The Wrath of Cain (The Syndicate, #1)(36)
“Jesus. Fuck. Help me out here, Cecily?”
“No, Dad. This is between me and you. Father and daughter. I’m sure she has her own poison she needs to shove down my throat. I want to know how my own father could take someone else’s life?”
“I have no choice. I was born into this lifestyle just like your mom, just like Cain, and just like Manny over there. We don’t have choices like you do. You wouldn’t be here today if I had told them no.”
“You’re still not making sense to me. Were you threatened? Spit it out. The truth, all of it.”
I’m trying so hard to wrap my head around this. There’s no way I can. My body is looped so tensely right now.
“Our families go back a long way. My father was a trained assassin. He had me shooting targets from a mile away by the time I was ten years old. I’m not going to stand here and tell you what I do is right. What I will say is I sleep at night because I know you’re safe. Your mother and I kept this from you to protect you from this type of life. That’s why all those years ago, when you first brought up Cain’s name, I prohibited you from seeing him. I didn’t want my daughter anywhere near this kind of life. I never wanted it to touch you at all.”
I look at him suspiciously.
“So the feud between you and Cain’s dad was a lie, too?”
“That part is the truth. I hated that prick. He wanted your mother and let everyone know it. If it wasn’t for the fact that he was good at getting us the type of guns we needed, I would have killed him before someone else had the chance to. And then he hooked up with Cain’s mother and his obsession with Cecily stopped. Cain was born only a few months before you, and when two innocent little babies came into this world, I buried my hate for him. I don’t kill people just because I want to. I kill them because they’re scum. You don’t get a second chance when you f*ck over Salvatore.”
I tilt my head and fix my eyes on Cain. He knows. He knows everything. And Manny, how does he fit into all of this? Is he a child of the mob as well? Four pairs of eyes are all looking at me. All of them gauging my reaction. Cain looks defeated. Manny looks like he feels sorry for me. My mother looks frightened, as if she might lose the one thing in her life she could never live without. And my dad, he’s standing there watching me intently, wondering if his little girl will ever be able to forgive him.
Suddenly the room starts to spin and the walls begin to cave in. My legs give out and my body crumples to the floor. I can’t breathe. My sweet, caring father is a cold-blooded murderer. My husband steals and sells guns. My mother is the sister to one of the world’s most notorious criminals.
And me? Who am I? The wife and daughter of people I once trusted. A fake, just like them. They all play a role in this. And whether any of them believe it or not, they have left me with no choice. Either I accept the lifestyle they lead, or I find my way out of here. Disappear, and never have contact with them again.
For the first time, I am ashamed to admit I can’t live without any of them. My parents’ blood pumps this non-existent life I was destined to live through my veins. That’s what makes my heart turn cold. And for that, I truly am my father’s daughter.
“Calla!”
They all shout my name at once. Cain is kneeling at my side, lifting me up as if I weigh nothing at all and cradling me in his arms.
“Come on, sweetie. Look at me.”
I do. I look up at him, and his face is so full of love and concern. I should hate him. Hate them all for the lives they lead; for the life I’m being forced to enter.
All of a sudden, I’m crushed by the dire need to be in Cain’s arms. I’m right where I want to be. Right where I’m meant to be. Burying my face into his chest, I let loose and cry while he holds me tightly. I feel so lost. So sad. I don’t even know my family. The two people in this world who I never expected would hurt me have completely wrecked me.
No one says a word as I let loose, soaking Cain’s shirt. I need to pull myself together. There is so much more to be said here, so much more I don’t know, and I’m afraid of just what that might be.
I peel my face away from Cain’s chest. He cups my jaw tenderly, his thumb brushing away the wetness from my face.
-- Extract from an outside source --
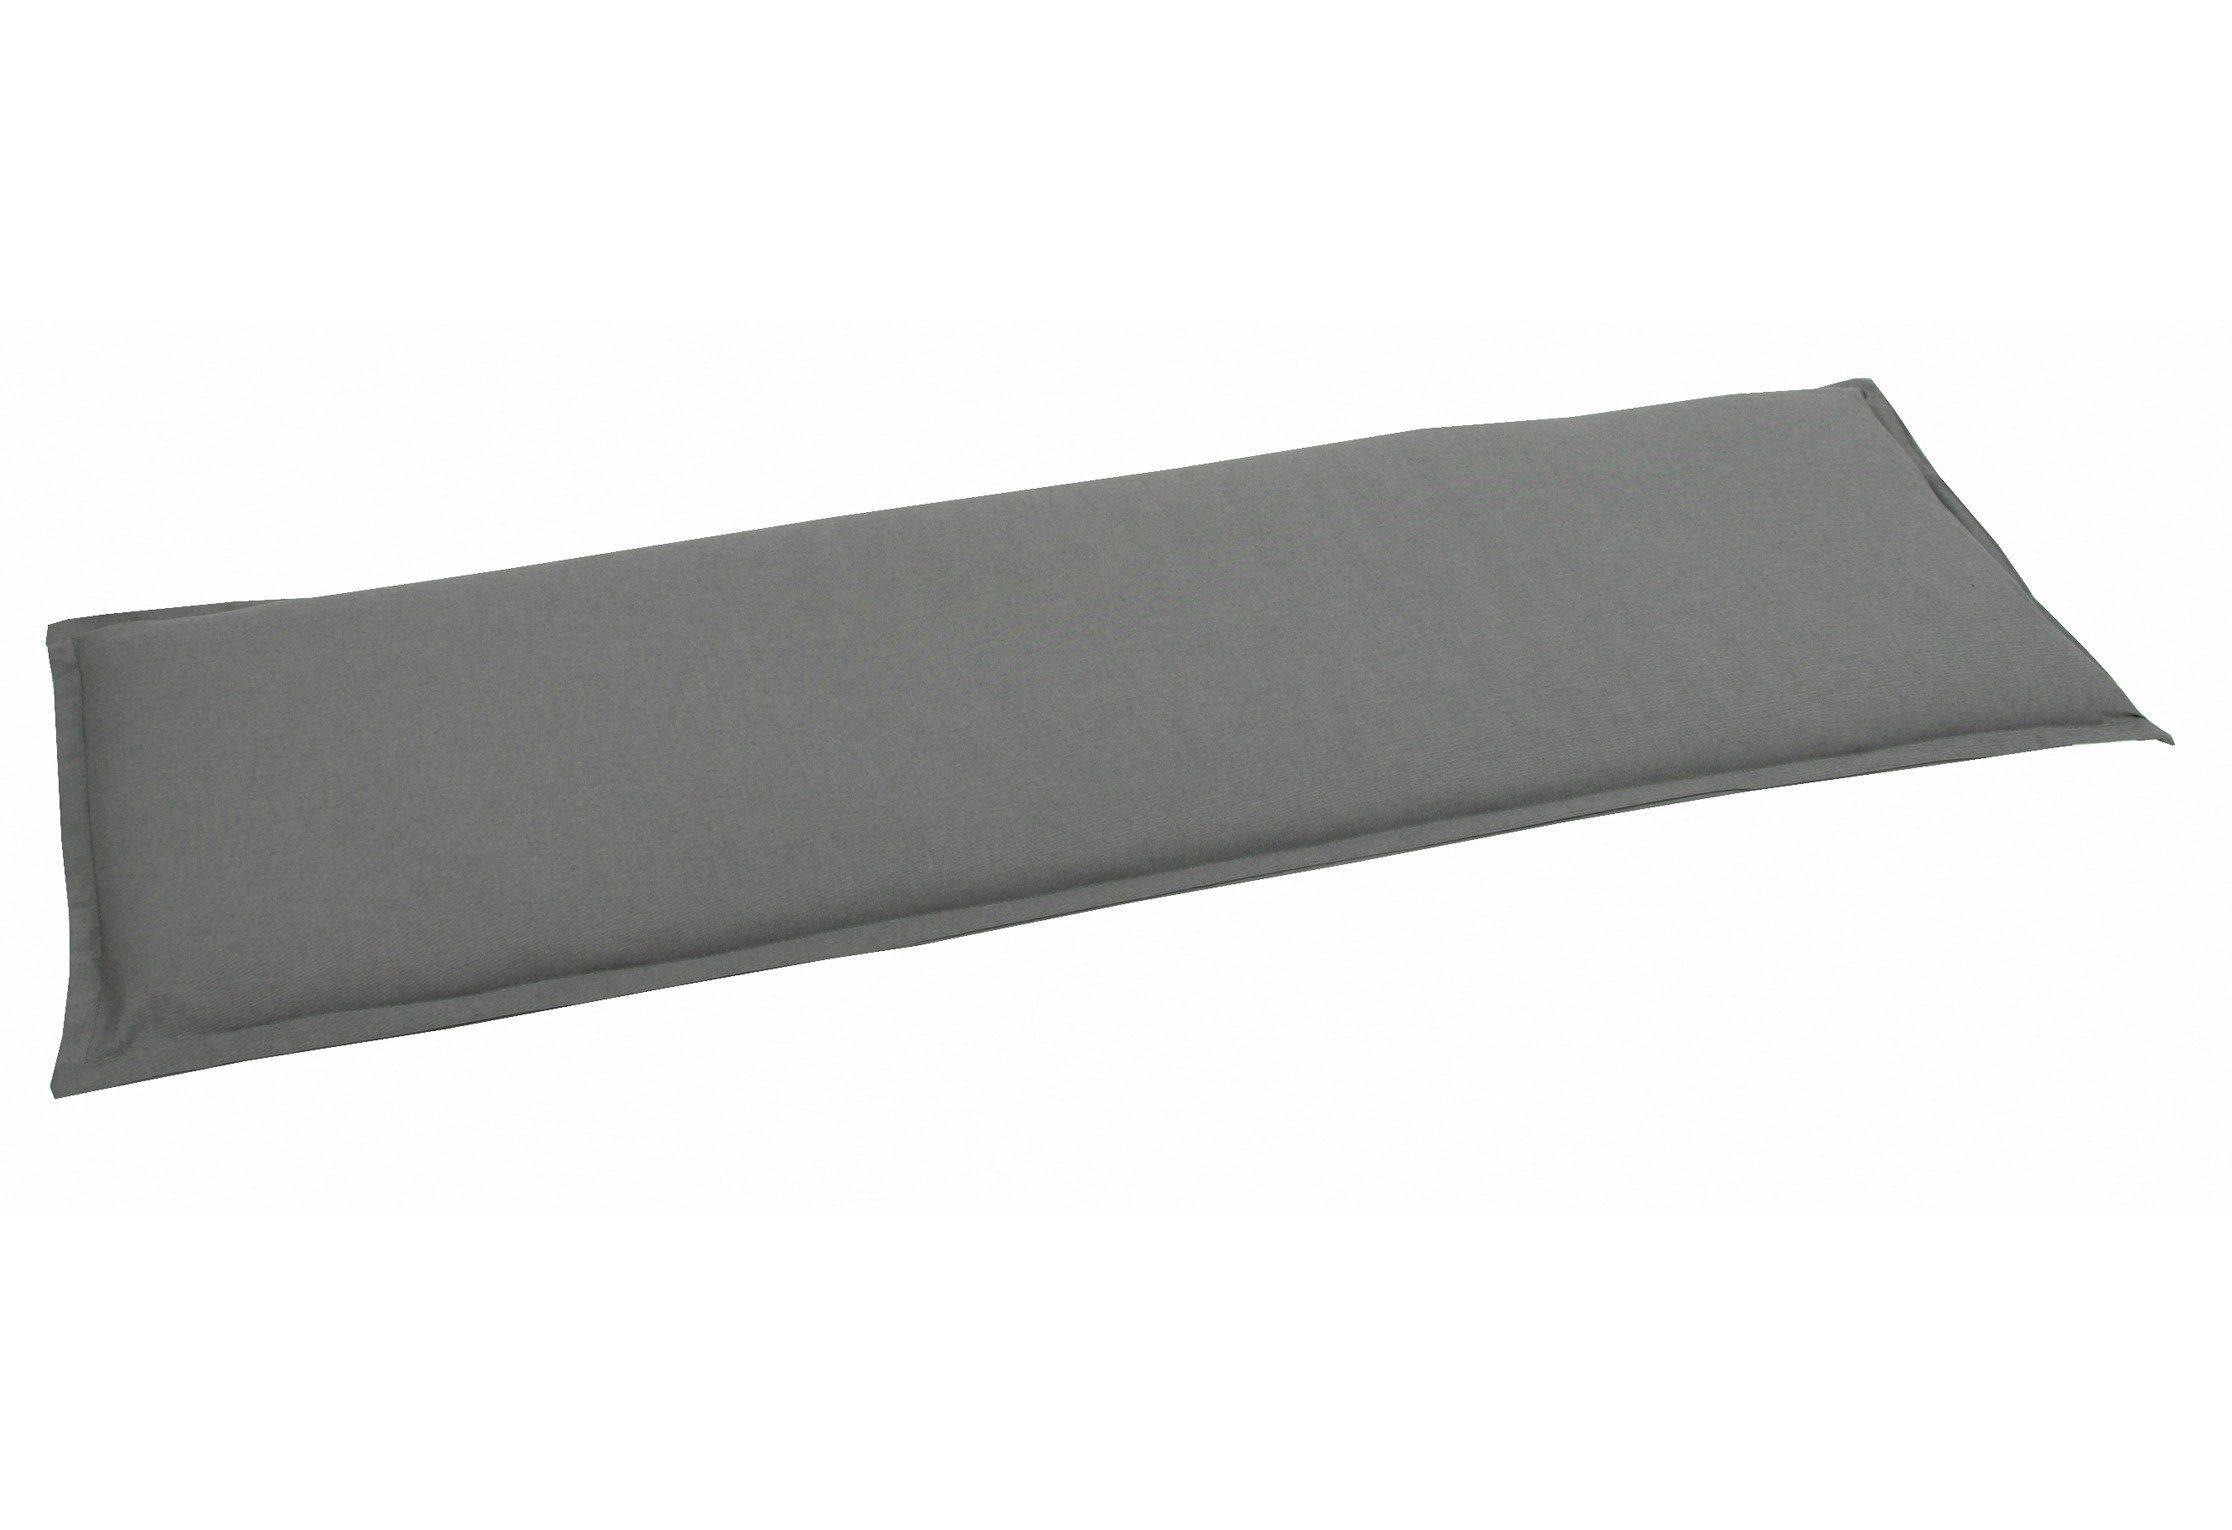 GO-DE Bankauflage, (L/B): ca. 142x48 cm

“I… I’m sorry,” I say breathlessly. “I’m fine.”
I’m truly not fine, and they all know it. I’ve been kicked in the chest.
“No, you’re not,” says my mother, echoing my thoughts.
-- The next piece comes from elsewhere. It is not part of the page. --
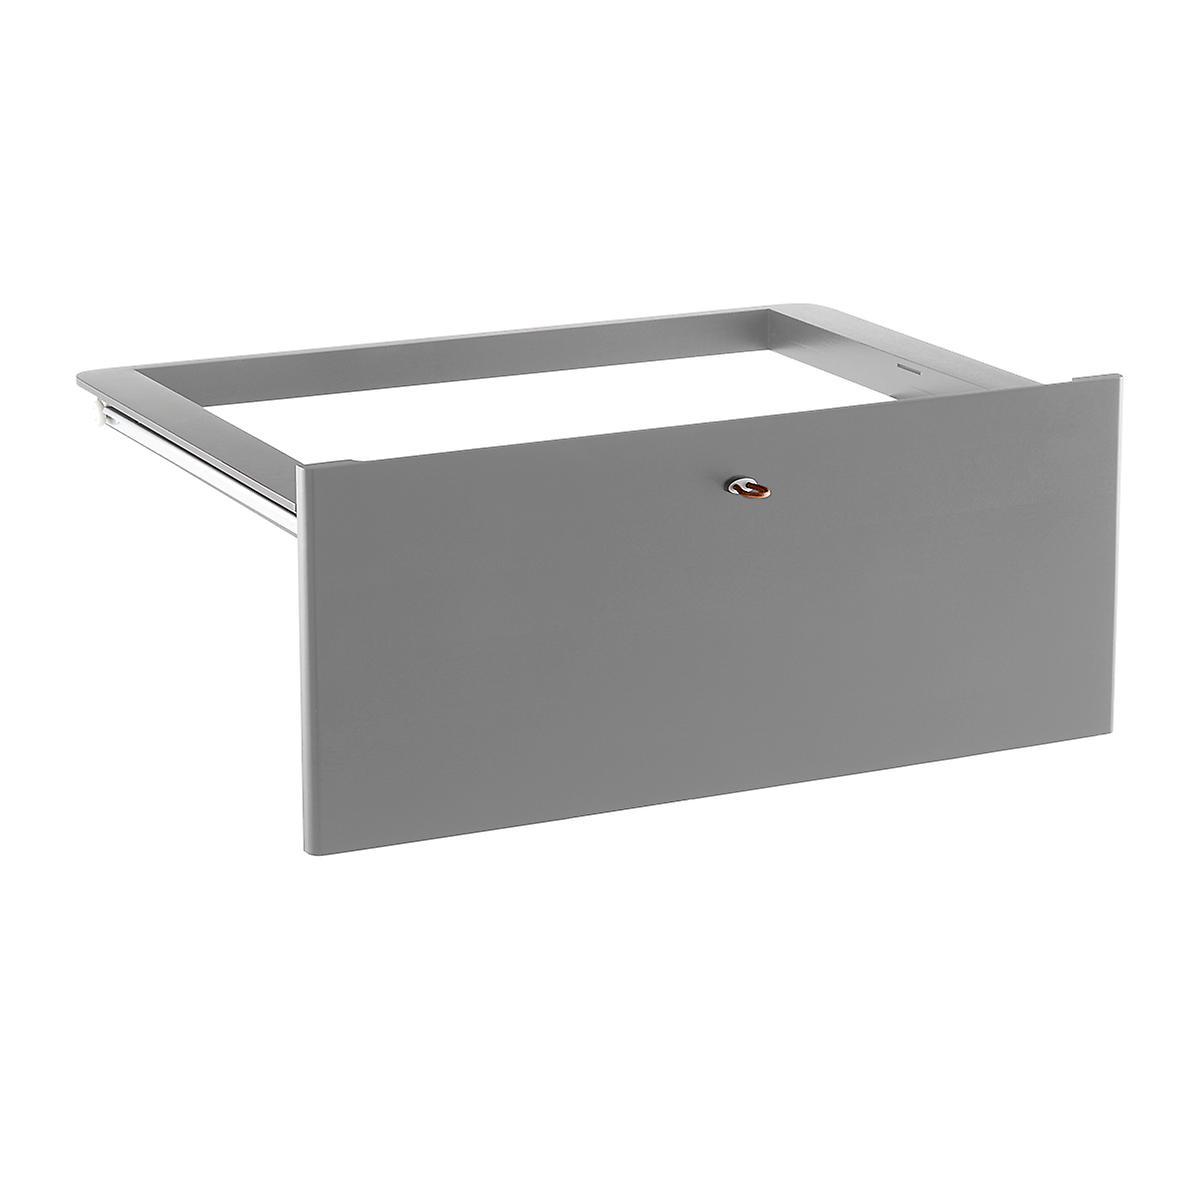 Grey Elfa Décor Drawer Frames & Fronts

“I am,” I insist. “Don’t you see? I’m the daughter of a mafia princess. The niece of the biggest mobster in the state of New York and the daughter of a killer. How could I not be fine?”
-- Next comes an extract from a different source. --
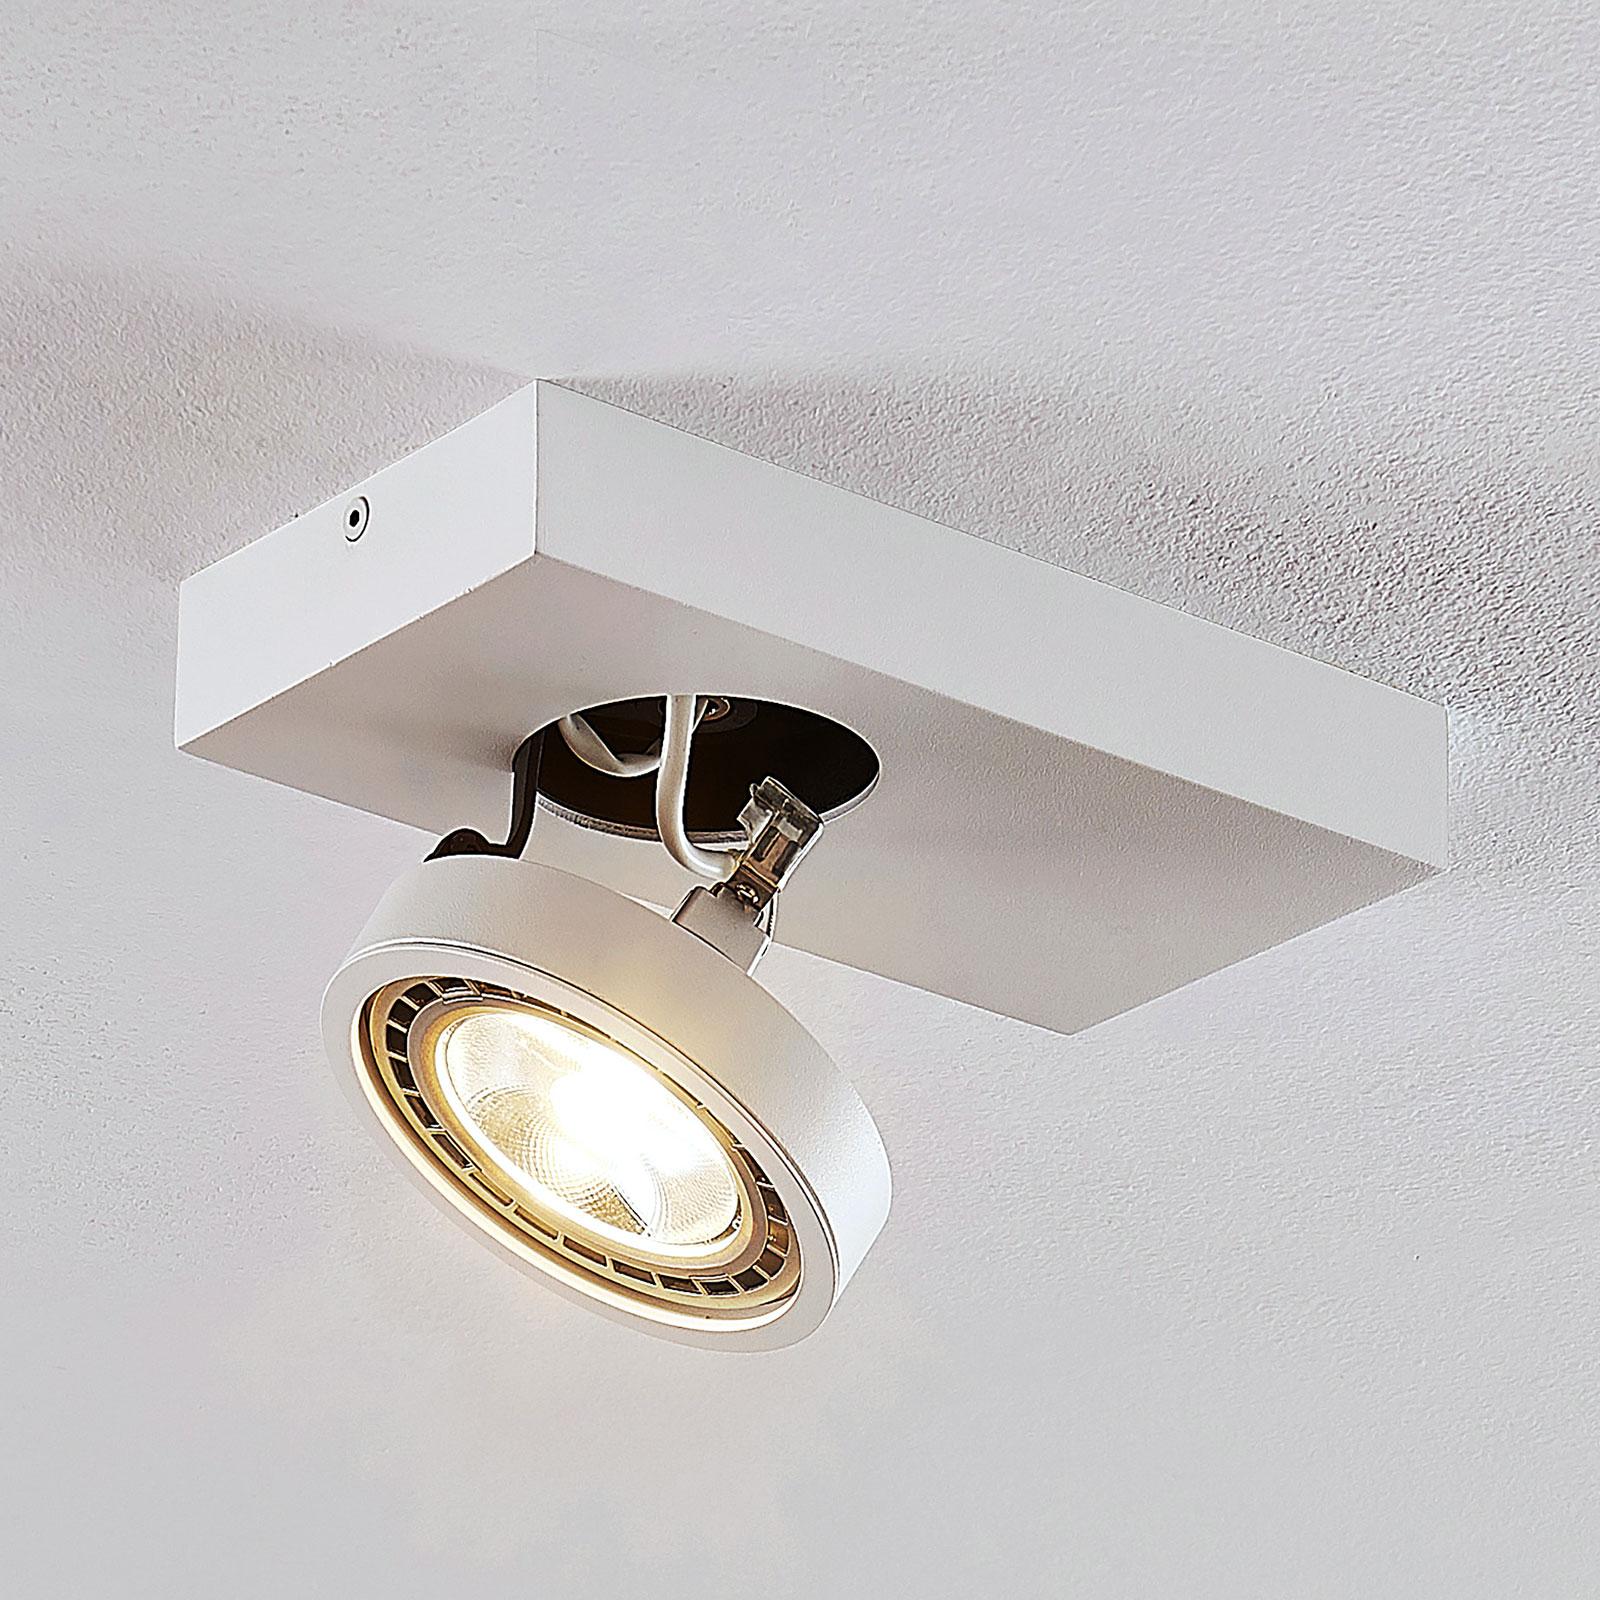 Lampa sufitowa LED Negan biała, 1-punktowa

Cain bends and kisses each corner of my mouth.
“You’ve been lied to and deceived by us all, but we’ll get through this together. I promise.”
“Sweetheart?” my dad calls to me. I’m not ready to look at him yet.
“Yeah?” I croak pathetically.
“I never wanted you to find out. The last thing I ever wanted to do was to hurt my baby girl. You’ve always been my world. You always will be, no matter what you think of me. I’ll give you the time you need to process all of this. Cain knows everything. I’ll be here when you’re ready to talk.”
Dad’s voice is strained. I still can’t look at him. I focus solely on Cain’s face. His square jaw. Bright blue eyes. The way he looks down at me with worry etched all over his face.